(Items listed in a dataset)
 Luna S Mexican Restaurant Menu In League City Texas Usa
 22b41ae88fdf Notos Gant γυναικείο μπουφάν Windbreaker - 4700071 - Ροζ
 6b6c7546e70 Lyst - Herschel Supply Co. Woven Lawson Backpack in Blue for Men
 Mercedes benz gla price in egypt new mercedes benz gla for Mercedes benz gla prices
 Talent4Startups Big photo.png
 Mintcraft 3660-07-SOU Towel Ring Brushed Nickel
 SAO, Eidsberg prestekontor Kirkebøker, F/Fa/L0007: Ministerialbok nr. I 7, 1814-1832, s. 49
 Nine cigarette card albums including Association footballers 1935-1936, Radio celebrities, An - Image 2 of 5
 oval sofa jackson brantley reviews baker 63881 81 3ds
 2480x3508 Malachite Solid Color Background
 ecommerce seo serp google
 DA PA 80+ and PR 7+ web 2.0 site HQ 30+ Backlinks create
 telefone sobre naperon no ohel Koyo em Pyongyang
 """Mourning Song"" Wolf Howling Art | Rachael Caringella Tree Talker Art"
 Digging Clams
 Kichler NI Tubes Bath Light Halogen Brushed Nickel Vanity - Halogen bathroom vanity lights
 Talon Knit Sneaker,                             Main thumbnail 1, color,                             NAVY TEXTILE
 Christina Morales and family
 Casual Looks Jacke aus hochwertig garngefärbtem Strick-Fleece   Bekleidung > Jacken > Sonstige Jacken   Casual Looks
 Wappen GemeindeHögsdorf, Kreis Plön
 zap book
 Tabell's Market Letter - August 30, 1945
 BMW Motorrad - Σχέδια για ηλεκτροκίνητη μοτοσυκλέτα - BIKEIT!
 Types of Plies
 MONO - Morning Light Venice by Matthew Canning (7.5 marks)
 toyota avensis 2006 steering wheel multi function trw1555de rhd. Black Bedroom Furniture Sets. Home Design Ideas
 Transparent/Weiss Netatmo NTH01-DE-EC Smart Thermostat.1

[WORK INSTRUCTIONS] Using the records above, select and copy every line that has the word "Light".

[WRITTEN SOLUTION]
 Kichler NI Tubes Bath Light Halogen Brushed Nickel Vanity - Halogen bathroom vanity lights
 MONO - Morning Light Venice by Matthew Canning (7.5 marks)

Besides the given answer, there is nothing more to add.